Чем чернее за окном ночь, тем яснее становится моя голова. Я, как заведенная, до утра рисую счастливые моменты своей жизни, расстилая на полу листы бумаги. Выпускной в детском саду, шары в небе, колесо обозрения, рыжий котёнок… торт—мороженое, в котором я испачкала нарядное платье, а папа хохотал… школа, тетради, первые оценки… первая двойка и мамины теплые объятия… Помню, как боялась того, что станут ругать. Но мама купила любимое пирожное, чтобы отметить событие. Я все моменты помню. Все—все. И сейчас на меня смотрят карандашные родные и любимые лица.
И светлые — прозрачные почти — глаза ещё одного очень значимого человека. Пусть мы были близки лишь раз, мне хватило смелости понять, что он с первого же мгновения стал значить очень много.
Отодвинув поднос с завтраком, засыпаю с улыбкой: на вечерний приём у меня есть план.
***
Чёрное глухое длинное платье с широким ремнем подчеркивает невысокий рост и тонкую талию. Забранные наверх волосы фиксирую невидимками. Массивный браслет, подаренный отцом, серьги—гвоздики, оставшиеся от мамы, и никакого макияжа. Улыбаюсь своему отражению в зеркале. Я готова. И мне наплевать, что скажут Тигран и дядя.
— Отвратительно.
Молча иду к машине Хаузова. Чем хуже для него, тем приятнее мне.
Странно, кстати, что сегодня он лично решил забрать меня из дома Николая Евгеньевича. И машины с охраной нет.
А нет, рано обрадовалась. Мне открывают заднюю дверь и я вижу сидящую конвоиршу. Она презрительно кривит губы. Яркая жгучая брюнетка. Могла быть красавицей, не будь такой же тварью, как все эти люди.
Впереди сидит ещё один бугай. Имени не помню, но он всегда сопровождает босса. Типа доверенное лицо. Не удивлюсь, если он по его приказу придушит меня, чтобы сильно не сопротивлялась. Хотя о чём это я? Чем больше слёз, тем Тигран счастливее. Так вот — не дождется.
— Выходи.
Всю дорогу я смотрела на собственные сцепленные в замок руки и не заметила, что машина преодолела приличное расстояние, судя по сумеркам за окном.

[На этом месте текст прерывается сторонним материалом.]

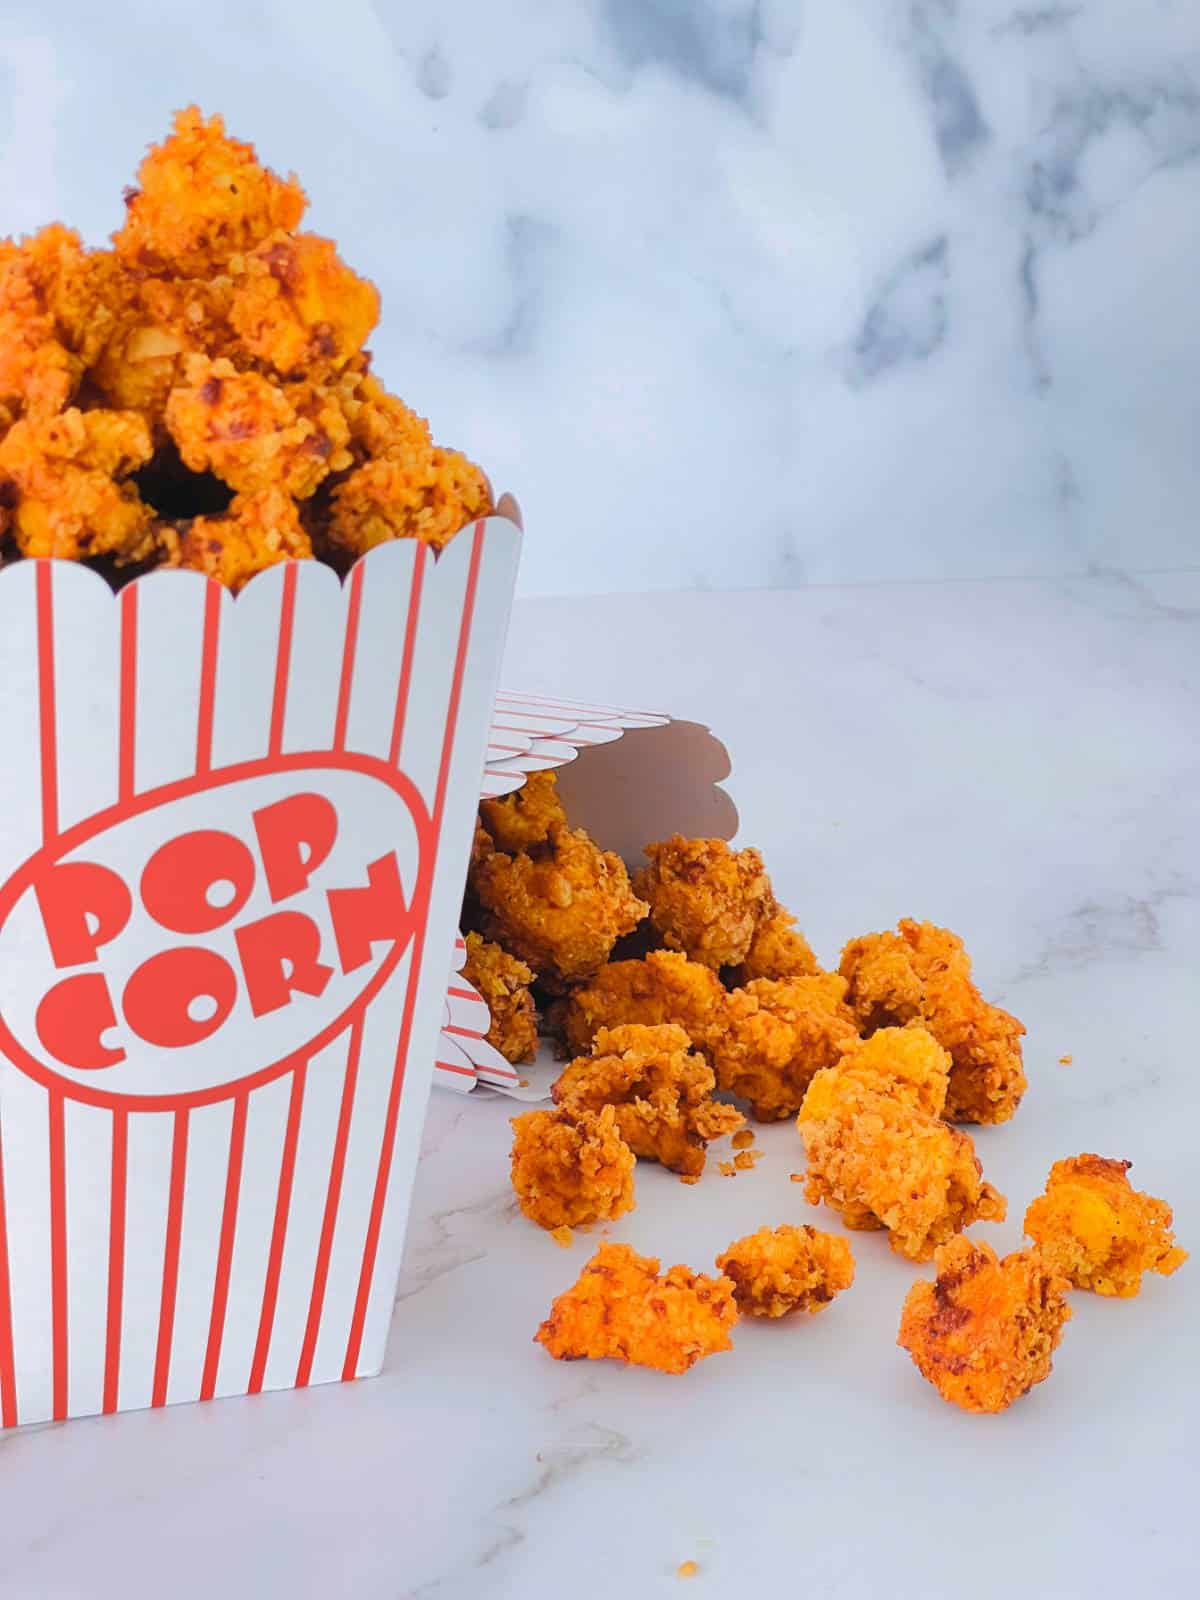 Popcorn chicken placed in paper box on a marble background.

Выбираюсь из авто, спотыкаясь на ровном месте. Меня слегка штормит от голода и от страха.
— Под ноги смотри.
Другого я и не ожидала.
Иду рядом, выдерживая возможное расстояние. Будь моя воля, заорала бы и бежала, сверкая пятками.
— Поясни мне, — обращаюсь к мужчине, продолжая свой мысленный монолог, — для чего я нужна на всех этих встречах? Я прекрасно знаю, что у меня нет выхода. Ты прекрасно знаешь, что дядя не найдет деньги. Настолько нравиться издеваться?
— Не только. Улыбайся, Е-е-ева, — растягивает тонкие губы в ухмылке, — ты должна выглядеть счастливой. Все должны видеть нас счастливой парой.
— Для чего?
Я пытаюсь понять мотивы. Зачем свадьба? Чтобы поизмываться, штамп в паспорте не нужен.
— За это скажи спасибо своему папочке, дорогая. Большего тебе знать не нужно. И веселее, Ева, веселее. На нас смотрят.
У меня получается даже искренне улыбнуться окружающим. Их ответные улыбки насквозь пропитаны фальшью: здесь рады тем, кто сильнее и влиятельнее. Стоит оступиться и никто из них даже не посмотрит в твою сторону. Я всё это отчётливо поняла, когда не стало папы. Они делили кормушку и напрочь забыли, что я осталась одна.
— Вина? — Мимо проходит официант и я благодарно принимаю фужер. Никогда не пила, но сегодня можно. Сегодня мне многое можно. Секунда на закрытые глаза, разбросанные рисунки перед мысленным взором.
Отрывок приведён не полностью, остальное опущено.